TrueSkill fits well when matchmaking involves complex multiplayer dynamics, varying squad sizes, or free-for-all structures. It thrives in the chaos of modern esports, where predicting the outcome of a match requires untangling the combined efforts of multiple players. It does not fit well for simple pairwise comparisons where the computational overhead of Bayesian inference is unnecessary.[6]
The journey from Elo to TrueSkill mirrors the evolution of gaming itself. As competition shifted from quiet tournament halls to global, 24/7 digital arenas, the math had to adapt. By embracing uncertainty and probability, modern matchmaking ensures that the invisible engine keeps running, keeping players challenged, engaged, and always chasing the next fair fight.[6]
How we got here
1960
Arpad Elo develops the Elo rating system to improve upon the Harkness system in chess.
1995
Mark Glickman introduces the Glicko system, adding a 'rating deviation' metric to measure uncertainty.
2000
Glicko-2 is published, introducing a volatility metric to account for sudden changes in player skill.
2005
Microsoft Research develops TrueSkill to handle team-based matchmaking for the launch of Xbox Live.
Viewpoints in depth
Traditionalists
Advocates for the simplicity and transparency of the Elo system.
Proponents of the classic Elo system, including many over-the-board chess federations like FIDE, argue that a rating system must be easily calculable and transparent to the players. In this view, a player should be able to look at a simple table, see their opponent's rating, and know exactly how many points are at stake before the match begins. They view the hidden variables of modern systems—like uncertainty and volatility—as opaque mechanisms that can make players feel disconnected from their own progression.
Modern Matchmakers
Engineers prioritizing rapid convergence and player retention.
For developers of digital games, the priority is getting a new player into a fair match as quickly as possible. This camp argues that Elo is fundamentally broken for online environments because it requires dozens of games to find a player's true skill, during which time the player is either being crushed or ruining the game for lower-level opponents. They champion Bayesian systems like Glicko-2 and TrueSkill because these algorithms mathematically quantify their own ignorance, allowing them to make massive rating adjustments early on and lock in a fair rank in a fraction of the time.
What we don't know
- How proprietary tweaks to these algorithms by individual game studios affect long-term player retention.
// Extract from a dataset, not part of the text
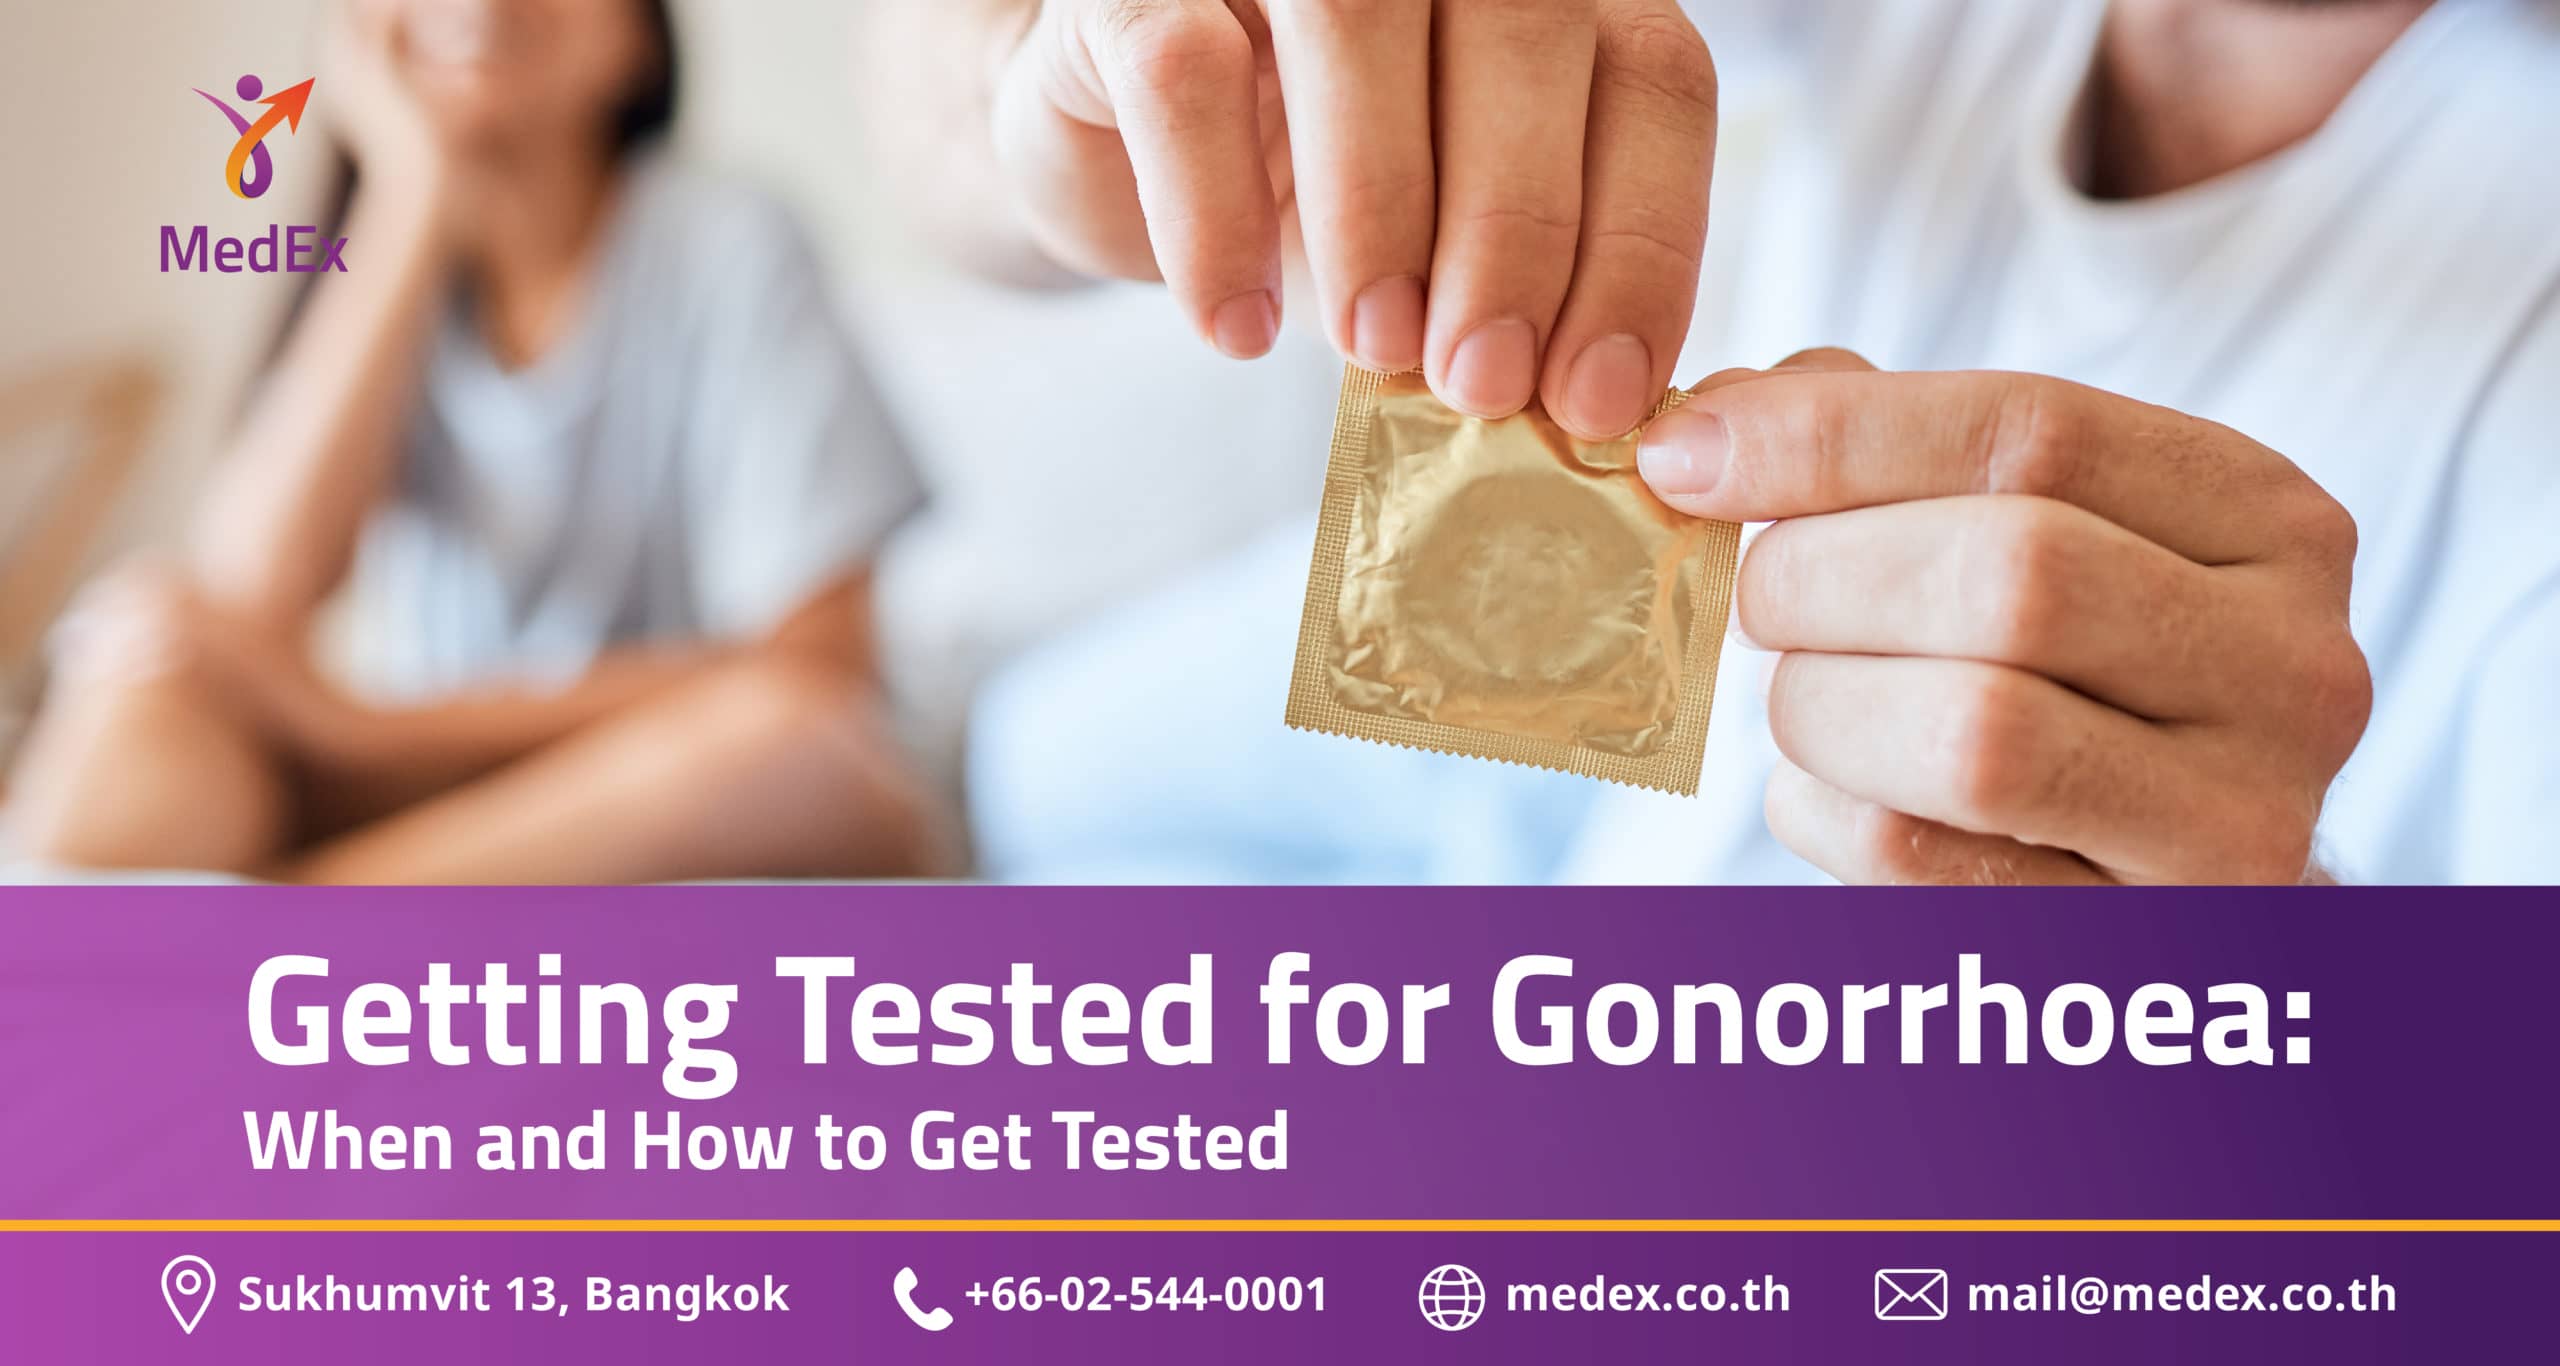 Getting Tested for Gonorrhea: When and How to Get Tested

- Whether future algorithms will incorporate in-game biometric data or hardware latency into skill calculations.
Key terms
- Zero-sum
- A system where any points gained by the winner are exactly equal to the points lost by the loser.
- Rating Deviation (RD)
- A measure of how uncertain the system is about a player's true skill; a higher RD means greater uncertainty.
- Volatility
- A metric in Glicko-2 that measures the degree of expected fluctuation in a player's performance over time.
- Bayesian Inference
- A statistical method that updates the probability of a hypothesis as more evidence or information becomes available.
Frequently asked
Why do I lose more points than I gain?
If you lose to a player with a lower rating than yours, the system penalizes you more heavily because you were statistically expected to win.
Why does my rank reset or decay?
Modern systems increase your 'uncertainty' metric when you stop playing. When you return, your rating may fluctuate more wildly until the system is confident in your current skill.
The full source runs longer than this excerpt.